泣く瞬間も表情も台詞回しも全て作られたものが無く、演技をするというよりかはダンプになりきって生きている。そう思えました。
勿論、演出の面でも何回もTakeを重ねたところもあったと思いますし、セリフの言い方など細かい指導が入ったとは思いますが、ゆりやんの中から自然に生まれて出てきた言葉に、少なからず私には聞こえました。
画面の向こうにはゆりやんがダンプ松本として存在していると、そう感じました。
このドラマでの最大の見どころはやはりリングでの戦いですが、最後の髪切りマッチのダンプ松本並びにクラッシュギャルズ役の方々には、尊敬の念を描く程に皆さんの命懸けの演技に心を打たれました。
当時のクラッシュギャルズが命懸けでプロレスをしてクラッシュギャルズとして生きていく必死さが、剛力彩芽と唐田えりかとの俳優としてこの作品にかける思いとリンクしたものがあって、ガムシャラに全身全霊で役を生きているのが伝わってきました。
偉そうな言い方をしますが、一視聴者として、俳優さんが役にどれだけ自分自身の魂をこめてるか気持ちを込めて演じているか、不思議と画面を通して伝わってくると思っています。
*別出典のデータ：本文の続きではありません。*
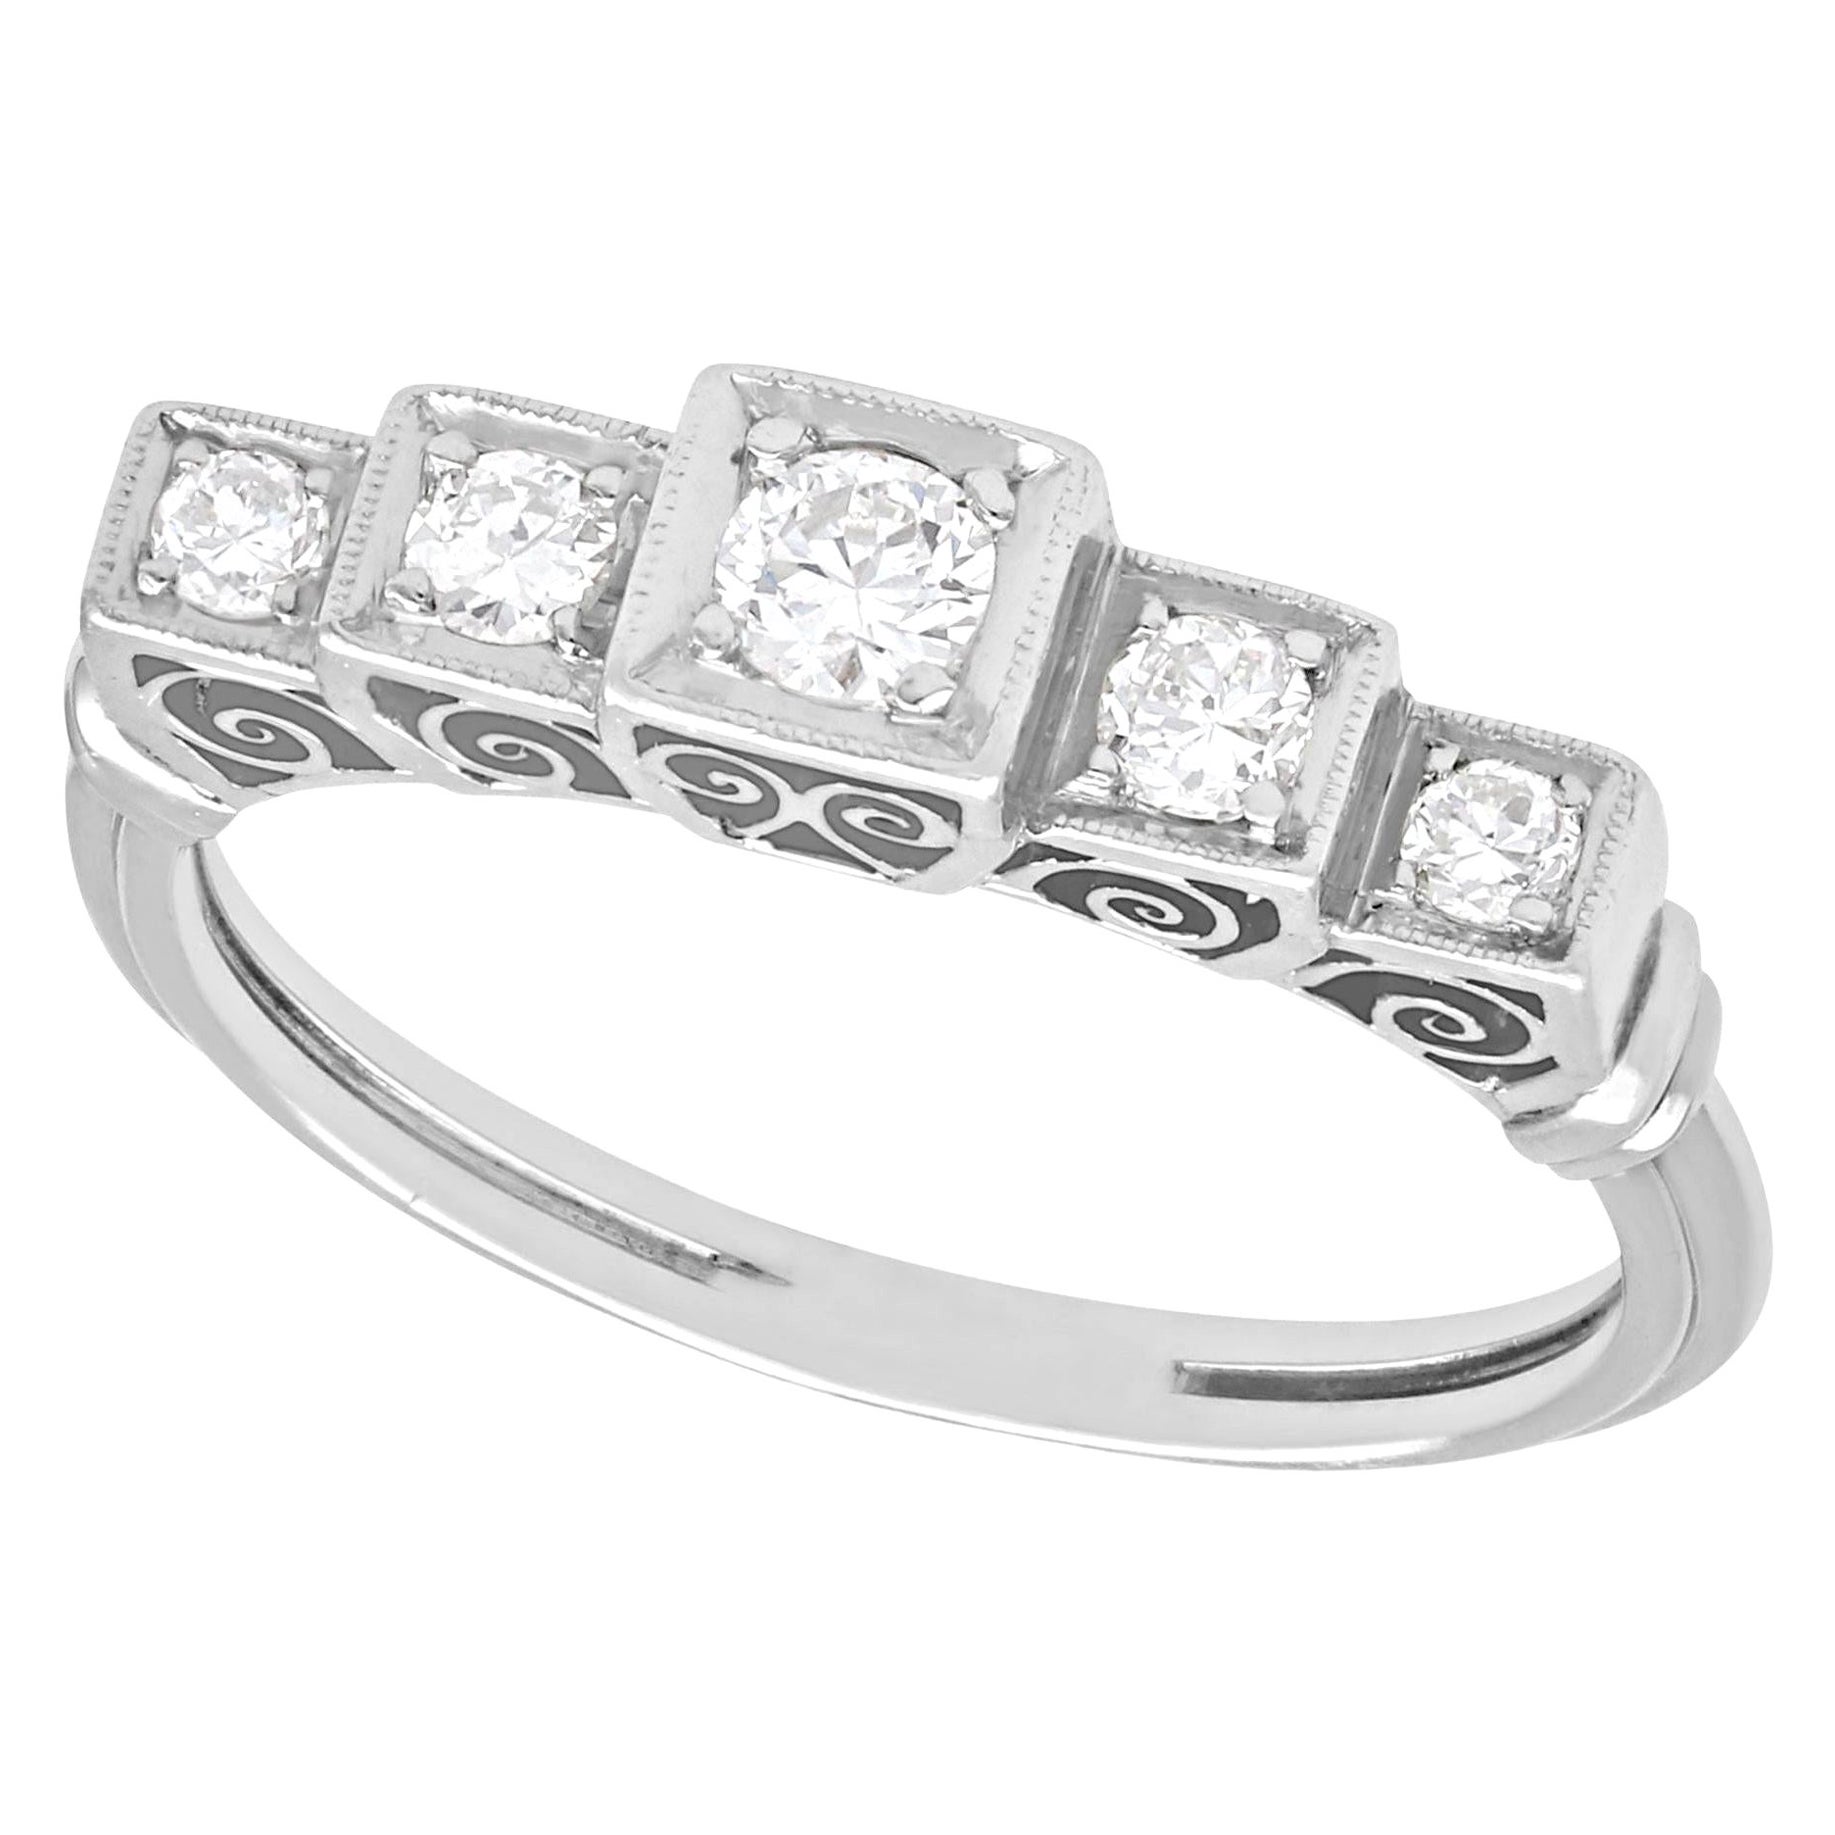 Antique Diamond and White Gold Five Stone Ring

それは俳優本人だけじゃなくて、頑張ってる俳優に対していいものを作ろう!
これだけ頑張ってる演者をもっとよく撮ろう!という現場の雰囲気ですら感じ取れる気がします。
気合いや思いだけでいい作品が作れるとは思いません。
ただの仕事にそこまで命かけなくても、という意見もあると思いますが、少なからずこの『極悪女王』は演者の気迫ある演技、その演技を一瞬でも逃すものかと撮り続けるカメラ、この作品を少しでも良くしようとする監督、演出、脚本、編集、美術、照明、、、もうスタッフ皆さん、そしてこの作品を一人でも多く見て欲しいと宣伝し配信するNetflix。
皆さんの沢山の強い思いが詰まった作品だなと感じ取れました。